Илиан удивленно хмыкает – похоже, я сказала глупость?
– Мисс Ласточка… В жизни существуют не одни только самолеты!
Спасибо за нравоучение! Стоило пересекать земной шар, чтобы играть в загадки! Но тут Илиан указывает на фантастический замок, высящийся перед нами:
– Отель «Коронадо»! Снимался в фильме «В джазе только девушки»!
Боже, одна из самых любимых моих картин! Конфетка Мэрилин, Джек Леммон и Тони Кёртис, переодетые в Дафну и Джозефину! Как же я сразу не догадалась, вот идиотка!
Пытаюсь реабилитироваться:
– Nobody’s perfect… Если я правильно поняла, вы собираетесь играть для клиентов отеля?
Илиан выключает мотор.
– Да. Пока они смакуют лангустов, запивая шампанским. Это входит в условия престижных контрактов, которые раздобыл для меня Улисс Лавалье.
Подавленная величием отеля, я пытаюсь вспомнить, где какой эпизод снимали… И вдруг мне приходит в голову ужасная догадка:
– Ой, только не говорите, что вас, как Мэрилин, заставляют играть… на укулеле!
Я невольно попадаю в самое больное место. Илиан опускает глаза, словно пристыженный мальчуган.
Нет, я не просто идиотка, я дважды идиотка! Пытаюсь выдернуть отравленную стрелу.
– Простите меня, Илиан. Клянусь, вы мне безумно нравитесь и в костюме марьячи, и с укулеле в руках… Я даже не уверена, что предпочла бы вам Джимми Хендрикса или Чака Берри.
А вот теперь трижды идиотка! Придвигаюсь, собираясь его поцеловать, но понимаю, что моя последняя фраза не утешила его, а скорее уязвила. И я пристыженно замолкаю. Илиан заговаривает первым:
– Идемте, Мисс Ласточка, сегодня вы моя гостья. Шампанского – сколько угодно. Я зарабатываю двадцать долларов за вечер, но для вас open bar!
Стараясь вымолить прощение, я чмокаю его в самые близкие ко мне части лица – кончик носа и мочку уха.
– Я такая бестолковая, простите меня!
– Вам незачем просить прощения. Соблазнить такую девушку, как вы, напялив сомбреро и бренча на гитаре, вернее, на укулеле, это уж скорее везение.
Везение?!
Не задумавшись ни на миг, обхватываю ладонями его лицо, притягиваю к себе, едва не сломав бедняге шею, и жадно целую. Наконец-то его руки начинают блуждать по моим бедрам, поднимаются выше, потом, расхрабрившись, спускаются… А мои – стискивают голову возлюбленного, прижимая его губы к моим, мешая перевести дыхание, и пускай они сами решают, спасать его или нет. Наконец я отодвигаюсь и шепчу ему – кажется, прямо в ноздри:
– Знаете, вам не мешало бы побриться, вы ужасно колючий.
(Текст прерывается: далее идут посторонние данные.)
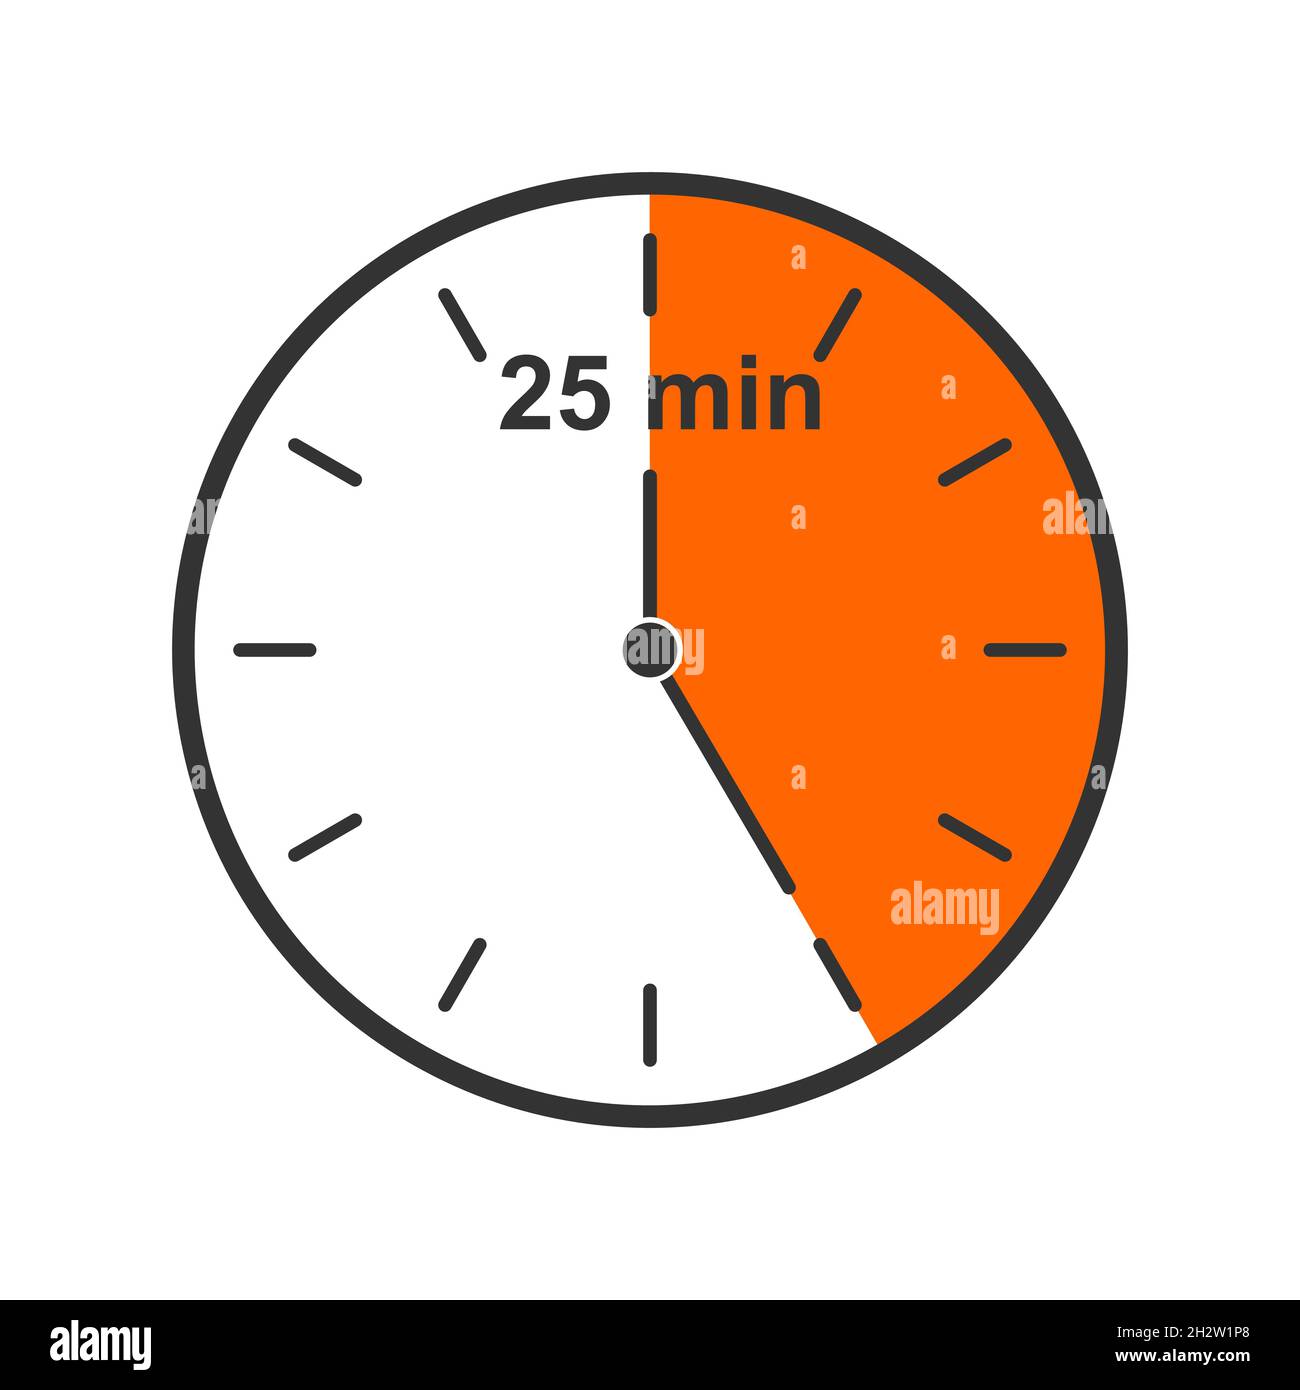 Uhrsymbol mit einem Zeitintervall von 25 Minuten. Countdown-Timer oder  Stoppuhrsymbol auf weißem Hintergrund isoliert. Infografik-Element für  Kochen oder Sportspiele. Vektorgrafik flach Stock-Vektorgrafik - Alamy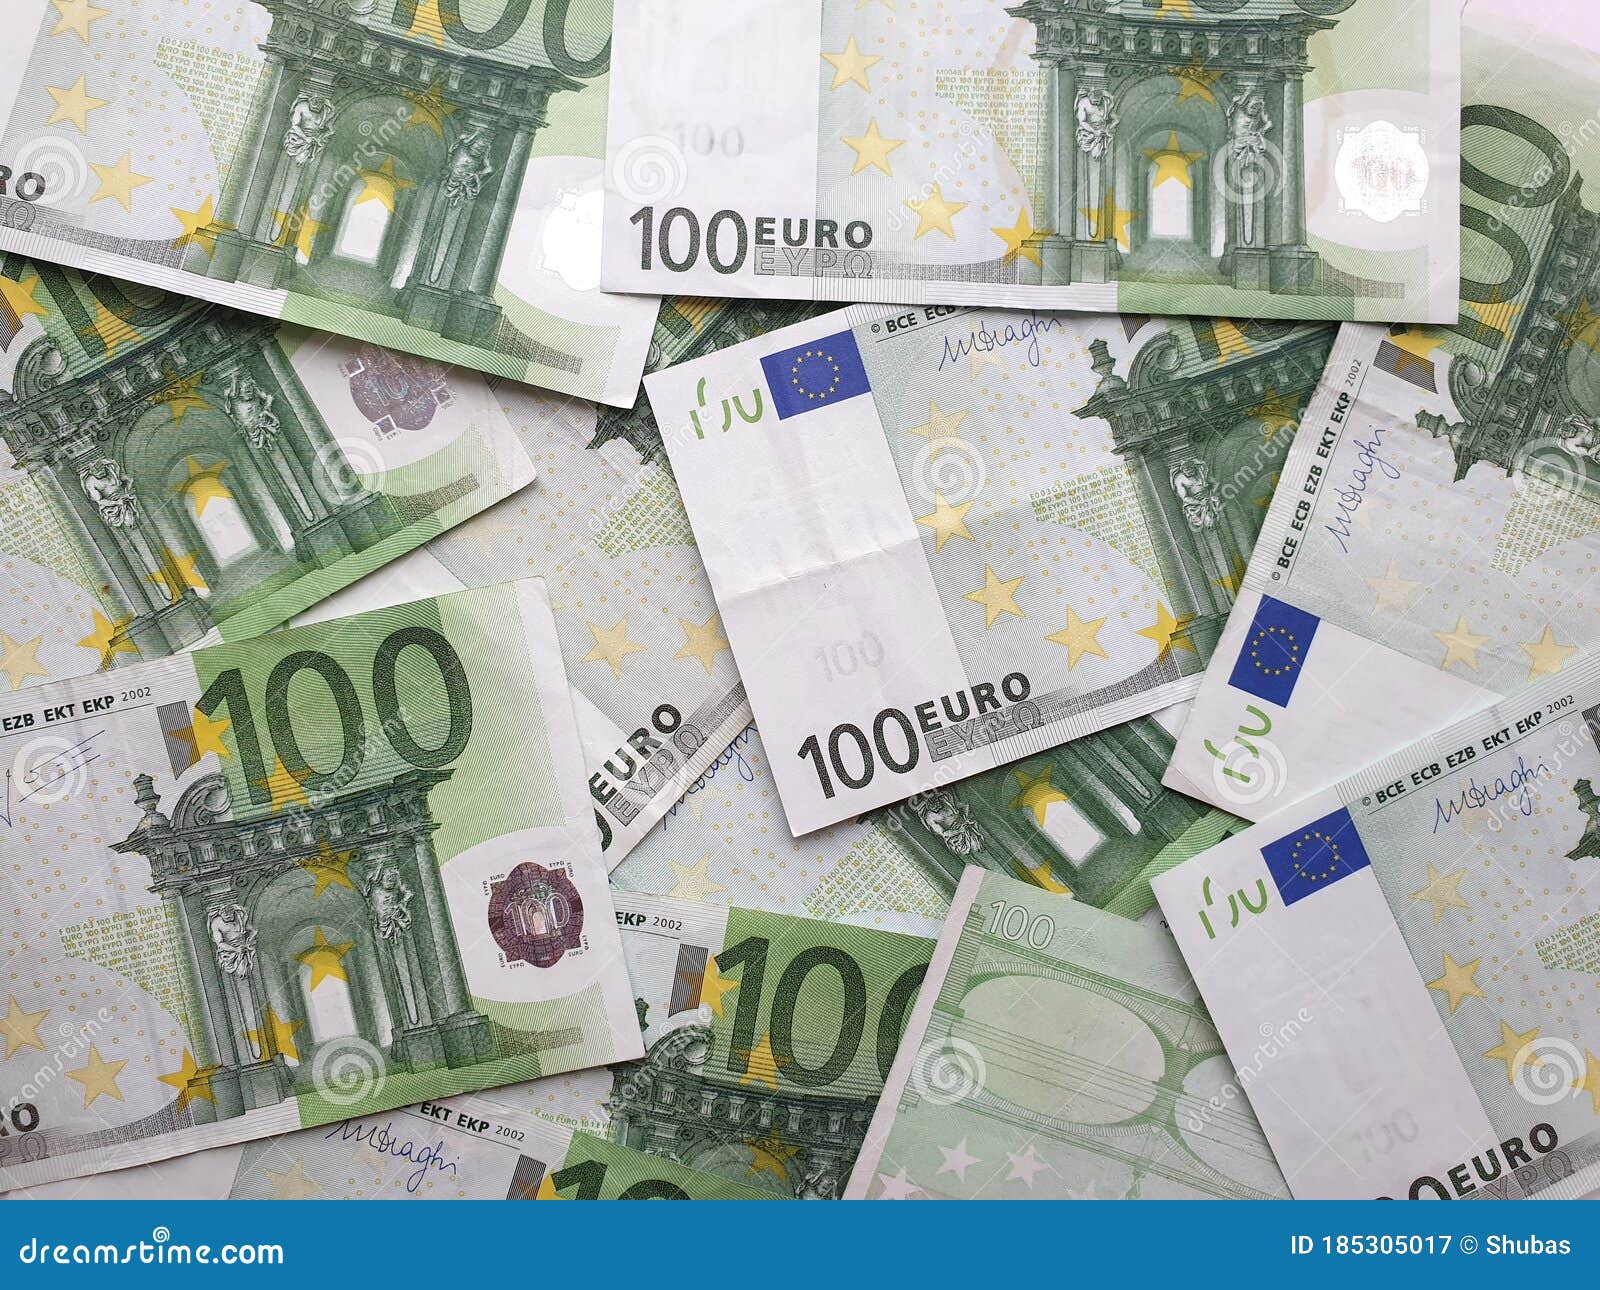 您知道美元、欧元、日元、英镑等对人民币汇率变动影响有多大吗？__财经头条

Мне хорошо. Я смела, бесстрашна, соблазнительна. И нисколько не чувствую себя виноватой.
Рука Илиана продолжает скользить по моему бедру, я осторожно перекладываю ее на колено.
– Потерпите немного, мой игрок на банджо, вас ждут в отеле «Коронадо»!
Илиан улыбается, но не спорит. Я нахожу очаровательной его манеру скрывать обиду при каждом моем ляпе. Вероятно, слова «укулеле» и «банджо» здесь табу, как, наверно, и «мандолина», и «ситар», и «балалайка»…
Ил не сердится. Он открывает дверцу кабины, его глаза снова блестят.
– Ладно-ладно, смейтесь! Сегодня вечером я вам покажу, когда вдоволь накривляюсь в «Коронадо»…
Я вопросительно смотрю на него.
– Покажу, что такое настоящая гитара и на что она способна.